Things changed in the swirling finale, a rondo with many thematic repeats in a gypsy style (Hungarian? Balkan?) that featured Ms. Strezeva’s driving pianism that although forceful never covered her companion’s sound. It was integrated and balanced playing, jocular but everywhere convincing, and received loud applause.

Schumann’s Five Pieces in Folk Style, Op. 102, followed, spotlighting Ms. Shao’s rich cello virtuosity. Contrasts in the music were emphasized, with perhaps the highlight being the alternating lyrical and then somber effects in the Langsam that resembled a lullaby, with three vivid chords at the end, two of them in arpeggios. Fine instrumental balance continued through the third and fourth movements, the Nicht Schnell slightly strident with several key modulations, and the concluding Stark und Markiert in strict tempo and Ms. Shao’s lovely resonant playing and deft bow control. The hall’s piano is voiced warmly and Ms. Strezeva’s tone color in soft passages was splendid.

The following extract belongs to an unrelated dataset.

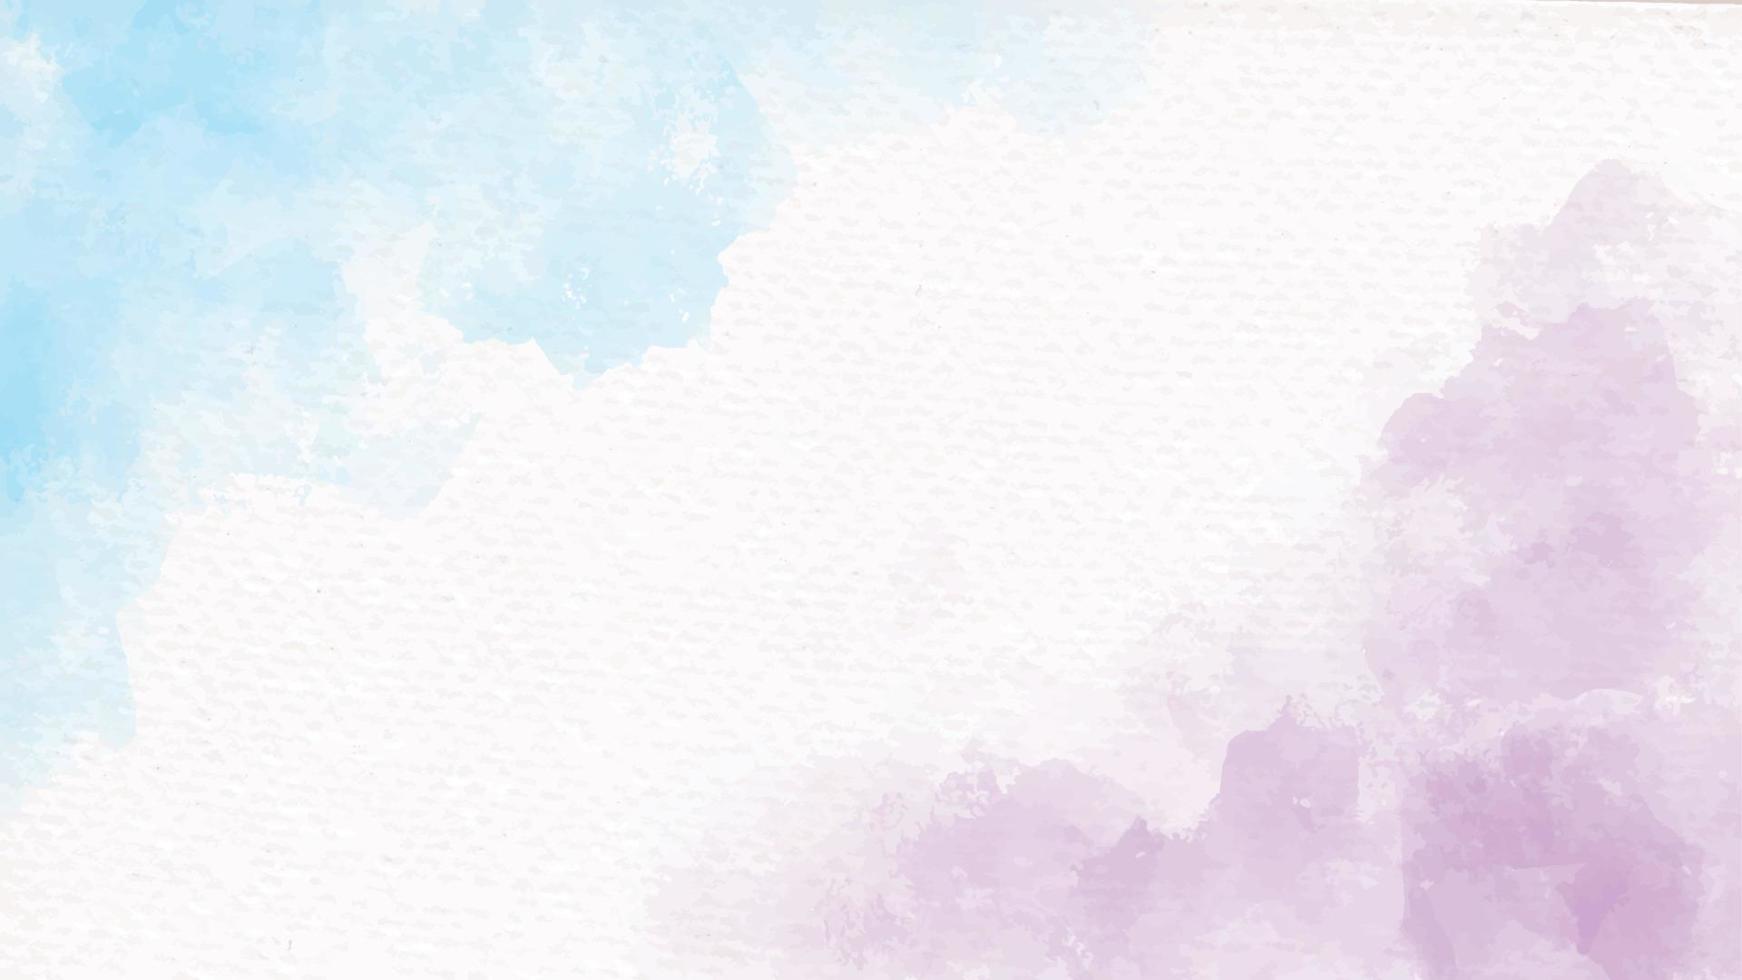 Arco iris azul y violeta unicornio pastel acuarela femenina sobre papel fondo abstracto vector

The afternoon’s surprise came with Galician composer Anatol Kos-Anatolsky’s Poeme for Violin and Piano, probably in its North Coast premiere. In remarks from the stage Ms. Ivakhiv mentioned that the piece was just recently discovered, though composed long before the composer’s death in 1983. Ms. Strezeva played the pungent introduction with muscular drama, leading into episodic sections that were colorfully tonal and full of high register violin writing and extended pianissimos between phrases.

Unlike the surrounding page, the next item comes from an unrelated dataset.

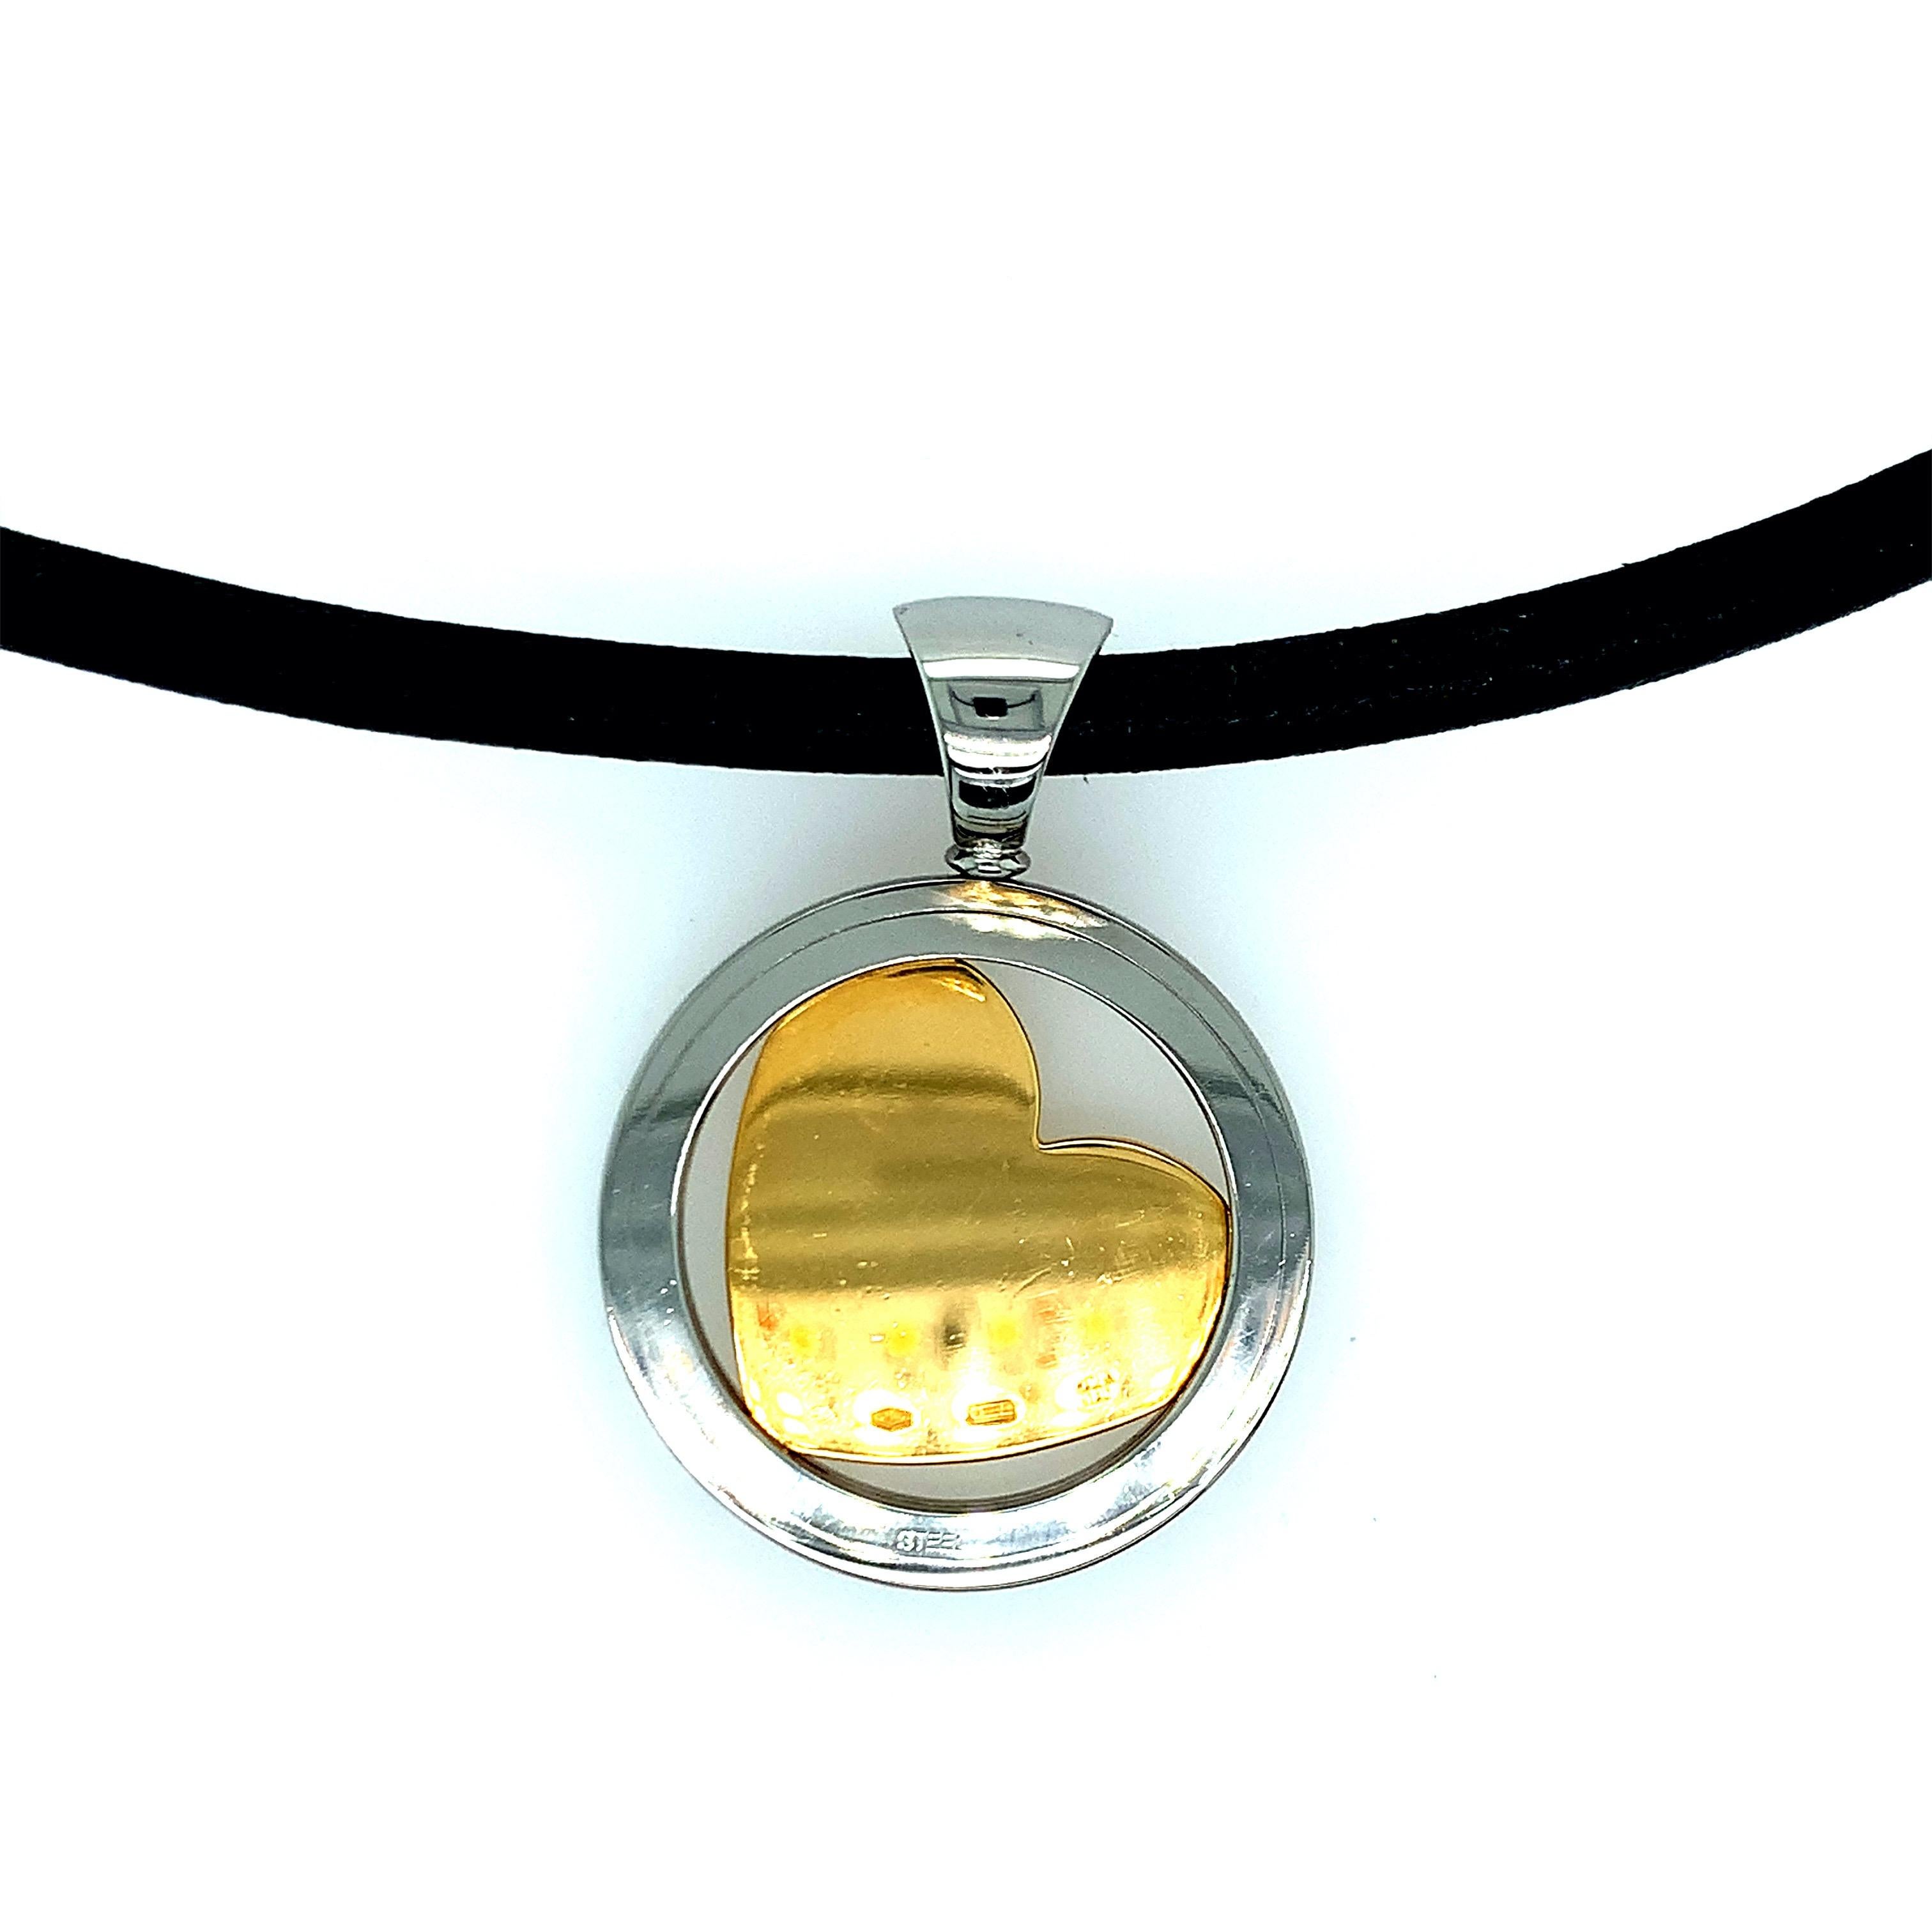 Créé par Bvlgari, ce collier présente un cœur en or à l'intérieur d'un acier circulaire. Des diamants en forme de cœur se trouvent à l'intérieur du cœur en or. Poids total : 29.4 grammes. Longueur du collier : 17 pouces. Dimensions du pendentif :

In the cadenza the violinist favored much tempo fluctuation and potent sforzandos that evolved into a tumultuous folk dance at presto speed, the two instruments often many registers apart but with palpable excitement. The light humorous ending was a surprise.

After a long intermission with gratis refreshments Dvorák’s great Dumky Trio in E Minor, Op. 90, received a committed and convincing reading. The Manhattan seemed to revel in the quirky and complex six-movement piece, with virtuosity everywhere: strong thematic projection, pungent but sporadically dry tone from Ms. Ivakhiv, Ms. Shao’s drone cello line under raucous Czech dance rhythms and lovely unison playing from the two strings. Beginning with the mystery of the first 60 measures, amazing passionate and laconic contrasts unfold in this unique work from 1891, so different from contemporary composers (Brahms, Tchaikovsky, Rubinstein, St. Saëns, Reger, Arensky) that were writing in more established trio formats. The first three movements were played without pause.

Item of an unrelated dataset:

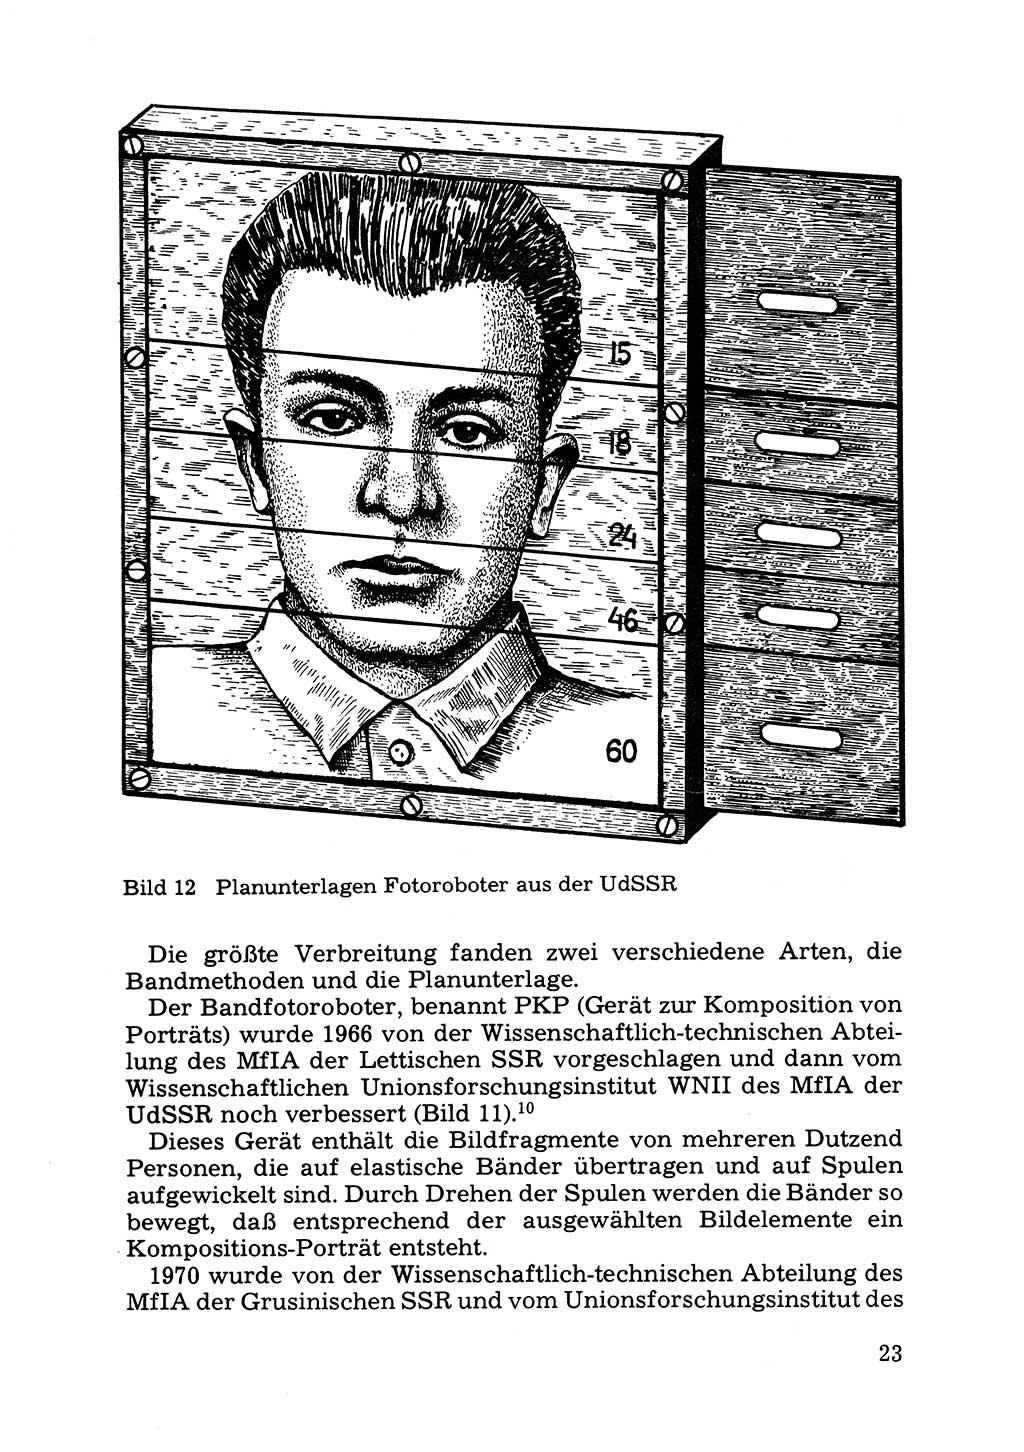 Das subjektive Porträt [Deutsche Demokratische Republik (DDR)] 1981, Seite 23 (Subj. Port. DDR 1981, S. 23)

Ensemble was solid throughout; even in places were the tempo sharply accelerated or when thematic fragments from each instrument could have blurred the music. They never did. In this work Dvorák can’t let go of expected section endings, and here the Manhattan brought innovative moods and excitement to each extended cadenza and each short violin and piano section, sometimes in tremolo and ostinato. The playing was instrumentally surefooted and artistically distinguished, and at 34 minutes it never seemed at all long.

This elegant and thrilling Dumky performance generated a standing ovation, but no encore was offered.